Increased glucose metabolism during long-duration recurrent inhibition of hippocampal pyramidal cells

RF Ackermann, DM Finch, TL Babb, J Engel Jr
PMCID: PMC6564752  PMID: 6693941

Abstract

The locally subnormal brain metabolism observed in some experiments utilizing the Sokoloff 2-deoxyglucose (2-DG) method has often been attributed to postsynaptic inhibition despite the fact that inhibitory postsynaptic potentials are themselves caused by energy-requiring mechanisms.
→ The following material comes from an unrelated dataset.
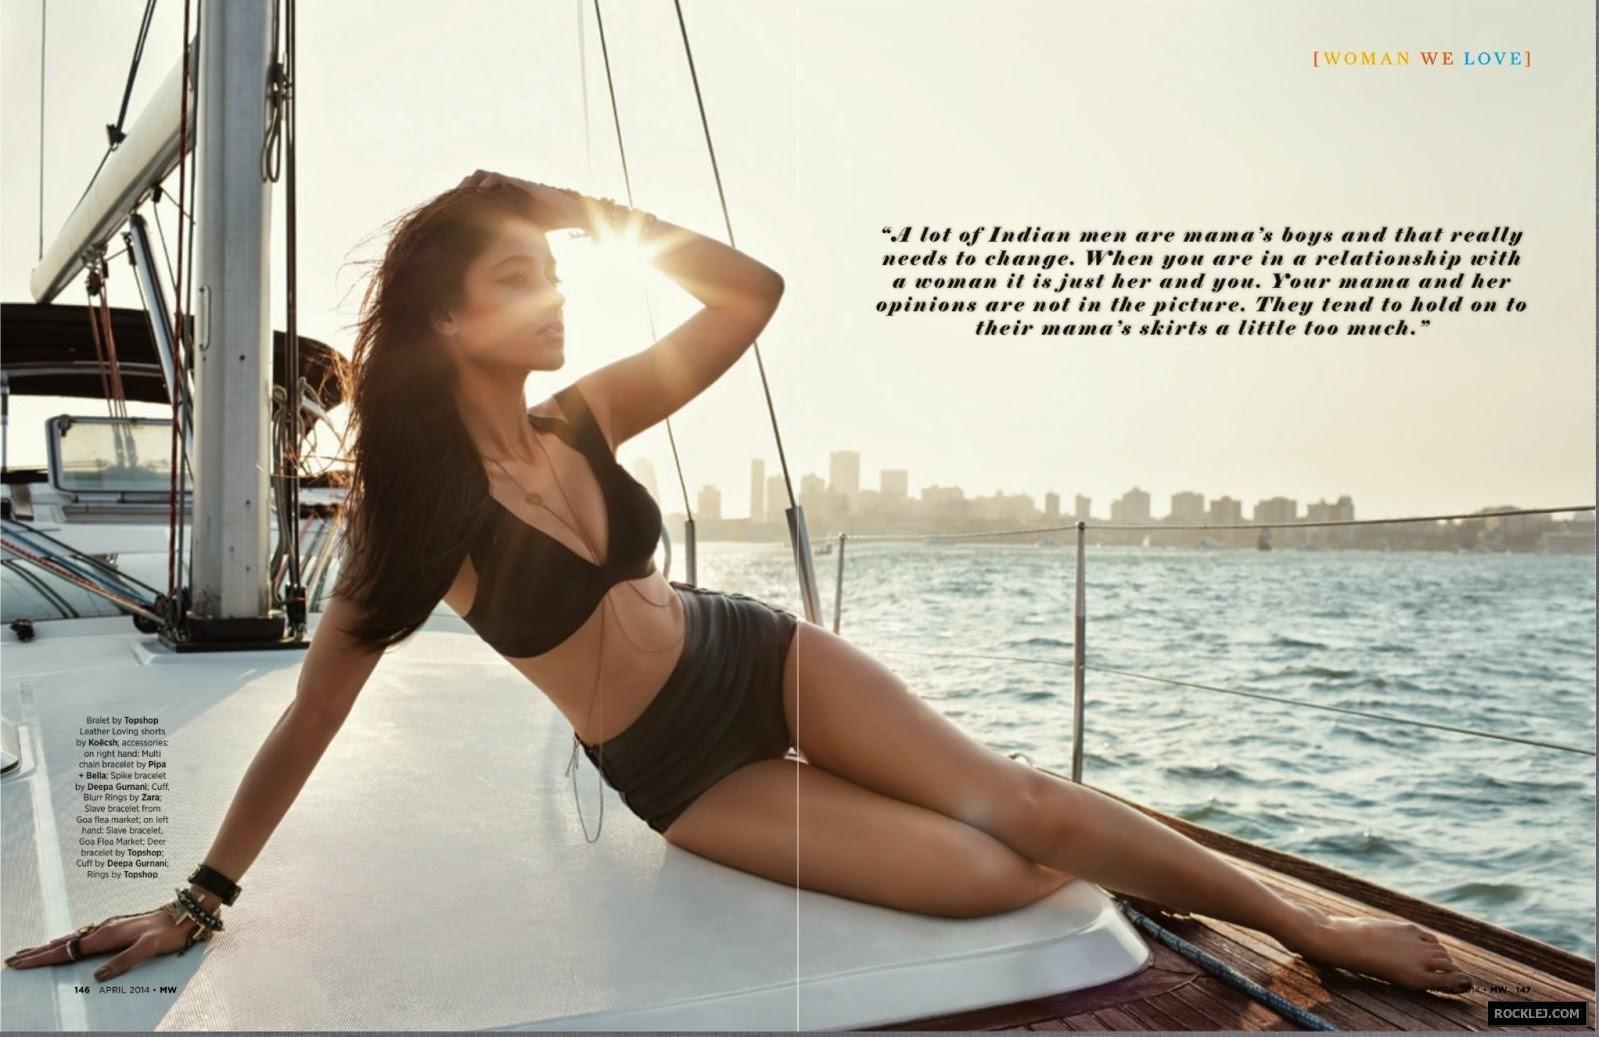 Ileana Dcruz MW Magazine

To explore this issue, neurophysiologically confirmed long-duration recurrent inhibition of hippocampal pyramidal unit firing was induced by low frequency (2 to 4 Hz) stimulation of the fornix for 60 min following intravenous infusion of [14C]-2-DG. The resulting autoradiograms showed that long-duration suppression of pyramidal cell firing was accompanied by distinctly increased hippocampal 2-DG uptake, particularly in the stratum pyramidale, which contains a dense plexus of inhibitory interneuronal terminals upon pyramidal cells. Both the pyramidal inhibition and the increased 2-DG uptake were confined to the ipsilateral hippocampus in animals with previously severed fornices and hippocampal commissures. In a second series of rats, the excitatory entorhinohippocampal “perforant path” (PP) was stimulated at low frequency (2 to 9 Hz) following 2-DG administration. At 2 to 4 Hz, each PP stimulation resulted in a brief burst of pyramidal unit firing followed by short-duration firing suppression; this result was associated with paradoxically decreased 2-DG uptake in the ipsilateral stratum molecular. By contrast, 7 to 9 Hz entorhinal stimulation induced PP-mediated excitation immediately followed by powerful intrinsic hippocampal inhibition, evidenced by prolonged pyramidal unit suppression after each stimulation. This suppression was accompanied by increased 2-DG uptake in the dentate stratum molecular and hippocampal stratum pyramidale. Thus it appeared that even with entorhinal stimulation, hippocampal 2-DG uptake was more closely associated with long-duration recurrent inhibition than with transient pyramidal excitation. Therefore, although it still remains possible that regions of hypometabolism observed in some previous 2-DG studies may actually reflect mild inhibition, other mechanisms such as disfacilitation are more likely mechanisms for this metabolic pattern.